======== Extracted data ========
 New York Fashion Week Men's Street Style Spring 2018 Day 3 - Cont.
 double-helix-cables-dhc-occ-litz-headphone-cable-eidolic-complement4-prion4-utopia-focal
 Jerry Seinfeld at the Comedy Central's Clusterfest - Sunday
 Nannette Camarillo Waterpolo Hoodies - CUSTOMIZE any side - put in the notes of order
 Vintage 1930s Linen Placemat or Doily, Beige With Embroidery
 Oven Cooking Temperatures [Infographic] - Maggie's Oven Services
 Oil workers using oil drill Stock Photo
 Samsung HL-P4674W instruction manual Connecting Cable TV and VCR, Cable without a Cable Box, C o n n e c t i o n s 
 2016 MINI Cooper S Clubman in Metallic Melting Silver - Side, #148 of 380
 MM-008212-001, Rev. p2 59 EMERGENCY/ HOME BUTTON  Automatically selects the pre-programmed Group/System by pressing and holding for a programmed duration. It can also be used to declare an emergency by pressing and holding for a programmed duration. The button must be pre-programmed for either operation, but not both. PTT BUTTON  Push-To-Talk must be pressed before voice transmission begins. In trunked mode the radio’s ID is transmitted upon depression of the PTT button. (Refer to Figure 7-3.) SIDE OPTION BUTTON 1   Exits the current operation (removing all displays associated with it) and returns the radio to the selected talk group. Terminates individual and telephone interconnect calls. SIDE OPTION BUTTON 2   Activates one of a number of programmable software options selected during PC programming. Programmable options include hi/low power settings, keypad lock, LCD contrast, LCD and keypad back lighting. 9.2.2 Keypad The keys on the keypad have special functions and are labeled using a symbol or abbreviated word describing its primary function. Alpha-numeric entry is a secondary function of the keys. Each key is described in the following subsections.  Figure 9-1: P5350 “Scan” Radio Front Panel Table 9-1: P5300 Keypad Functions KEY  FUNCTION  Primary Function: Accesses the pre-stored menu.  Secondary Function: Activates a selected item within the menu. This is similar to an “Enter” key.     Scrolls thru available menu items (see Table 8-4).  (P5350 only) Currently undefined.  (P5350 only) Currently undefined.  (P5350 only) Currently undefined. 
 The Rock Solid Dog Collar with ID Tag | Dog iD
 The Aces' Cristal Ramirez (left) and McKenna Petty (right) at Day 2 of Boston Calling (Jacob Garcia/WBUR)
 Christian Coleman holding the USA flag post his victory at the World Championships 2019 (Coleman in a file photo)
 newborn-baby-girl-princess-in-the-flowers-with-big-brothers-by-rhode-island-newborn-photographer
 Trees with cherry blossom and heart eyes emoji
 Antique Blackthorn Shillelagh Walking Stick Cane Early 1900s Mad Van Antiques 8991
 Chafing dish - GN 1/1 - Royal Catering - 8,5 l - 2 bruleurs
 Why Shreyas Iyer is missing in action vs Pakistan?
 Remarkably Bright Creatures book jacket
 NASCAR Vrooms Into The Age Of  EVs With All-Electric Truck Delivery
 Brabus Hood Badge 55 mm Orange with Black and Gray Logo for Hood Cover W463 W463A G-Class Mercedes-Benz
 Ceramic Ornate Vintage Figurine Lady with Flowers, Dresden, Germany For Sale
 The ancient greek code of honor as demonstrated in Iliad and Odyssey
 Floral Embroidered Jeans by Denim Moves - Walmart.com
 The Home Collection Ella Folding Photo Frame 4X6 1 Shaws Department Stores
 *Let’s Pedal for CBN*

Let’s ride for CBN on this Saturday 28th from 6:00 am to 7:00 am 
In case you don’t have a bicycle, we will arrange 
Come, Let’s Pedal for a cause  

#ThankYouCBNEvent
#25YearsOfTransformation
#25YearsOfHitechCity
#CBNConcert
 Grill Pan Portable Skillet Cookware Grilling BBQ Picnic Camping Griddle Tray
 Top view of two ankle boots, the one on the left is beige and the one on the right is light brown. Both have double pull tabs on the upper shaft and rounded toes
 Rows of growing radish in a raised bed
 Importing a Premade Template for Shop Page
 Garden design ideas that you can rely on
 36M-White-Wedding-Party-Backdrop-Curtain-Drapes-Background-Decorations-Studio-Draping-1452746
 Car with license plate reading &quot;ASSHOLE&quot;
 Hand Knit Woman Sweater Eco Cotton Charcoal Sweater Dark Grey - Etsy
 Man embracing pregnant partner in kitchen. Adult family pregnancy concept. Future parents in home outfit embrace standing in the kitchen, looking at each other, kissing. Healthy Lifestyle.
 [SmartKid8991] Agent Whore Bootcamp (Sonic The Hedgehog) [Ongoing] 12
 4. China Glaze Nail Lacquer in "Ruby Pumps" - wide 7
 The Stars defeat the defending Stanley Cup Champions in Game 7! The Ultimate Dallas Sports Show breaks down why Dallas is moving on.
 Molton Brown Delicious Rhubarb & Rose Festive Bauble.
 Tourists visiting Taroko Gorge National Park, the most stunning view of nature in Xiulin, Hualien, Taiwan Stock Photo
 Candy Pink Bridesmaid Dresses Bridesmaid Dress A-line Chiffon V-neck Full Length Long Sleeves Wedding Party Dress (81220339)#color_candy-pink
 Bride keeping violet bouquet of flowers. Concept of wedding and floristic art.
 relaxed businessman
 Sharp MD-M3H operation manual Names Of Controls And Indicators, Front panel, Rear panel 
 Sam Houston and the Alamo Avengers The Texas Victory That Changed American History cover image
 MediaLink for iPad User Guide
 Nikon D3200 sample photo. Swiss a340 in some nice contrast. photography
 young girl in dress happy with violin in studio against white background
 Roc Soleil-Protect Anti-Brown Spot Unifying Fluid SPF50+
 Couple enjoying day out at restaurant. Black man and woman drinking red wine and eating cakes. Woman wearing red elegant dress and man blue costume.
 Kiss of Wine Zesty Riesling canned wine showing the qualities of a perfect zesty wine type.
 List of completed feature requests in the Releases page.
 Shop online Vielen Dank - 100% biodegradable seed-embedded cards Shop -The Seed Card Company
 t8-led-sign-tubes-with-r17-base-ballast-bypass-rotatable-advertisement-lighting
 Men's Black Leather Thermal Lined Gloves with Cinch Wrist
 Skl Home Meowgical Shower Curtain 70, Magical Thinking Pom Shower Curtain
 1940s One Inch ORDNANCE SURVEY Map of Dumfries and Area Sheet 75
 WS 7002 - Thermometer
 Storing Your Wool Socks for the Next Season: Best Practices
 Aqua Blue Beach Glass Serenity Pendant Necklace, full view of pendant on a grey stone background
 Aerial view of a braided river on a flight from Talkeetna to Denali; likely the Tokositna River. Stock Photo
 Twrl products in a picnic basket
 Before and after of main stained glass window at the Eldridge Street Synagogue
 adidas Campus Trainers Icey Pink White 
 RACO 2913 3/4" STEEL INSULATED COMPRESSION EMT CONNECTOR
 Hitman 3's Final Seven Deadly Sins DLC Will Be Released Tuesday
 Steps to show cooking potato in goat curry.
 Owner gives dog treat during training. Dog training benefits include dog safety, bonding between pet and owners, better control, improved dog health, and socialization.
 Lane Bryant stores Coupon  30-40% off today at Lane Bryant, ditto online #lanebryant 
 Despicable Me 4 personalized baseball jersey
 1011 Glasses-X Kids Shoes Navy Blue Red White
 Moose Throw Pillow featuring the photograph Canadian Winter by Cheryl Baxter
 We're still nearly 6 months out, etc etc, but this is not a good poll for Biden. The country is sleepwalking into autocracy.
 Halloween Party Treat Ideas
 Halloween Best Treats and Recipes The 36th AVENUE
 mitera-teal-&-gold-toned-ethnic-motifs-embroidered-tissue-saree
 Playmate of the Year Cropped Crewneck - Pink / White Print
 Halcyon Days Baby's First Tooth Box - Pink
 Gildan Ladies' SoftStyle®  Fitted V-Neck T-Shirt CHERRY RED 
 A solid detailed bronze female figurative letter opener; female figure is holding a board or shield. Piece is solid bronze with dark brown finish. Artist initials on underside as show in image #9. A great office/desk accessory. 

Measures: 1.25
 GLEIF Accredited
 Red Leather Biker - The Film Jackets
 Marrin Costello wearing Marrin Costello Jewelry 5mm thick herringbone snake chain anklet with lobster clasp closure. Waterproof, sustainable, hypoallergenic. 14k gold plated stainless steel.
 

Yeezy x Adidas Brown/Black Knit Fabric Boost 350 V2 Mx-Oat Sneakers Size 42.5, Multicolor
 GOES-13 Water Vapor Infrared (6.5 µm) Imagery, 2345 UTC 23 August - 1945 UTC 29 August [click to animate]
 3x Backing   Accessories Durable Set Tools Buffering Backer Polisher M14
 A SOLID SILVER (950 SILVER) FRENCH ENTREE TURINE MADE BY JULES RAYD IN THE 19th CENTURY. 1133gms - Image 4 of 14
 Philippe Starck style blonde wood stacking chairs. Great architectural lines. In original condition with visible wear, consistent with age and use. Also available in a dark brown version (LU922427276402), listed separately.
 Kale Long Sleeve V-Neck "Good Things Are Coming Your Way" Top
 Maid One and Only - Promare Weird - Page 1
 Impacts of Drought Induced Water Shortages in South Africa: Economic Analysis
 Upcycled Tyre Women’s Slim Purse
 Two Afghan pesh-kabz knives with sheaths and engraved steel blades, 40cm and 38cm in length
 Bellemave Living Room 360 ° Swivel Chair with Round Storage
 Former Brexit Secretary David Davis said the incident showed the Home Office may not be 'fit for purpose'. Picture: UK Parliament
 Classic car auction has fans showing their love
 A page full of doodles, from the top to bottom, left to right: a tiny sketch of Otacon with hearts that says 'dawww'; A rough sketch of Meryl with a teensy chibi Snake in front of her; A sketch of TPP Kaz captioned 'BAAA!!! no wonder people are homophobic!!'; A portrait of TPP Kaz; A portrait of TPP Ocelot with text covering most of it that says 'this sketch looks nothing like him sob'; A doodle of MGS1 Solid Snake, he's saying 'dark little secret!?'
========
_Instructions for the task_
Among the entries above, copy exactly only the lines starting with the one containing "Rows of growing radish in a raised bed" and going through the one containing "Car with license", both ends included.

_Worked solution_
 Rows of growing radish in a raised bed
 Importing a Premade Template for Shop Page
 Garden design ideas that you can rely on
 36M-White-Wedding-Party-Backdrop-Curtain-Drapes-Background-Decorations-Studio-Draping-1452746
 Car with license plate reading &quot;ASSHOLE&quot;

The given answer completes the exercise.